Due to his late father’s friendship with Vivian Van Damm who ran the Windmill Theatre in Soho, Kenny was able to secure a job as a stagehand on the proviso that he never became an actor, something Van Damm despised of as a profession. Fortunately enough for Kenny the ‘acting bug’ bit him and it was not long before he was playing straight in Revudeville comedy routines, appearing in his first performance in 1935. Van Damm pulled back on his views and the two became good friends. Kenny stayed with the Windmill for 2 years, with his work led to regularly appearing in repertory theatre up and down the country, including seasons at Byker’s, Grand Theatre in Newcastle, and the Grand Theatre, Wolverhampton.
With the outbreak of war, and following a stint with the Merchant Navy, Kenny soon found himself on active service aboard Royal Navy aircraft carrier HMS Victorious (R38), but it was his time on board the cruiser HMS Aurora (R12) which would end up having the greatest impact on his character and his acting style during wartime. As ship’s Action Commentator he found an opportunity to hone his craft as an actor, keeping steady nerves when reporting action during conflict to the crew below decks. Aurora would journey across the Atlantic and Mediterranean seeing its fare share of action. Wartime missions aboard both ships would lead Kenny to receive medals including campaign stars for Africa, Italy, the Atlantic and Pacific.
By the end of the war Kenny had returned to England and signed with agent Harry Dubens who was seeking actors who had served at the front. Kenny would return to repertory theatre, as well as appearing in small roles both on television and cinema. Though Scott of the Antarctic (1948) was the first real attempt at a serious screen role in a major film it did not do for Kenny what he and his agent hoped it might.

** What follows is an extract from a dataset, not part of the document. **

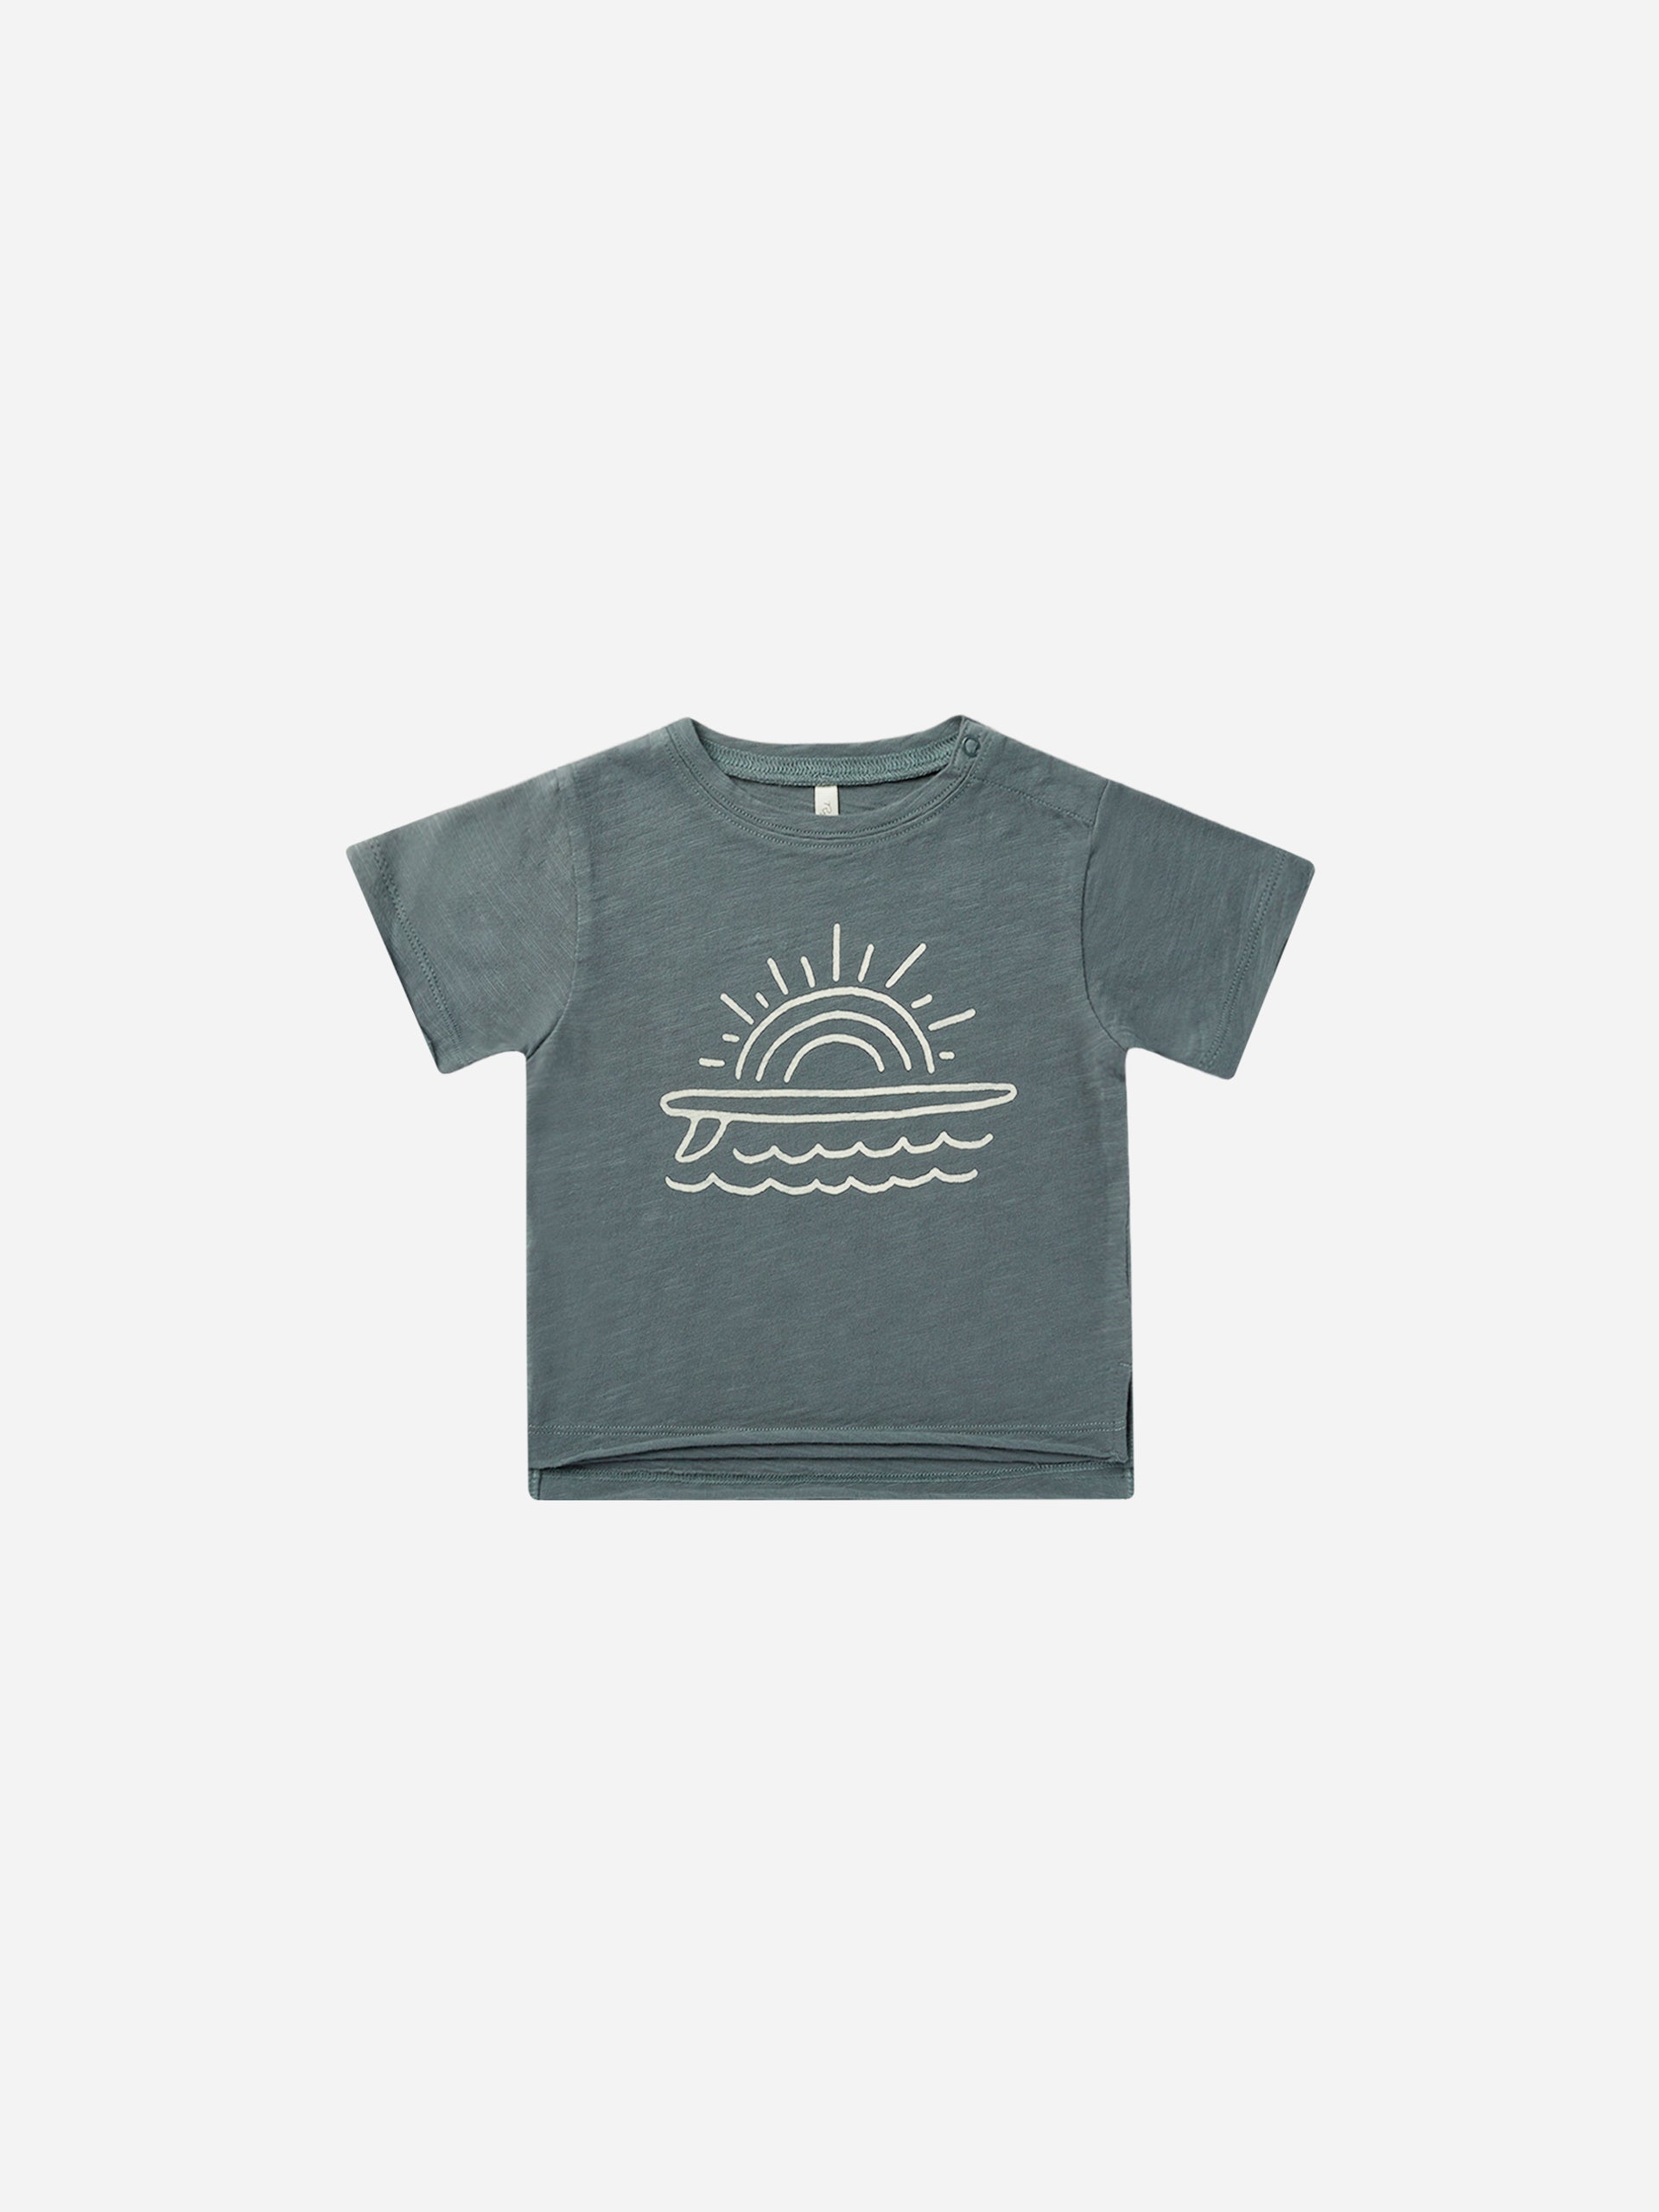 Raw Edge Tee || Indigo - Rylee + Cru | Kids Clothes | Trendy Baby Clothes | Modern Infant Outfits |

A lot of his performance was daly not focused on by the cameras, but instead that of its star, John Mills.
It was highly acclaimed notices as Freddie in Terence Rattigan’s, The Deep Blue Sea at the Duchess Theatre in 1952 which made the industry sit up and take notice. The production having run previously in Brighton and Cardiff before transferring to the West End.
Henry Cornelius’ British comedy, Genevieve (1953), with John Gregson, Dinah Sheridan and Kay Kendall was the film to finally put Kenny on the map. Cornelius has screen tested him for Scott of the Antarctic and felt the character of Ambrose Claverhouse would be perfectly suited to his character. The film was almost never released. When Rank distributors saw the rushes they were not impressed with it but decided to put it out anyhow, most probably in order to try and recoup some of its cost. The audiences lapped up the London to Brighton car rallying adventure and the film went on to become the second most popular movie in Britain that year. Genevieve then won Best British Film at the British Academy Awards, as well as a nomination for Kenny for Best British Actor. The film also Oscar nominated, both for Best original Screenplay and Best Musical Score. Not a bad result for a film which almost never opened in cinemas!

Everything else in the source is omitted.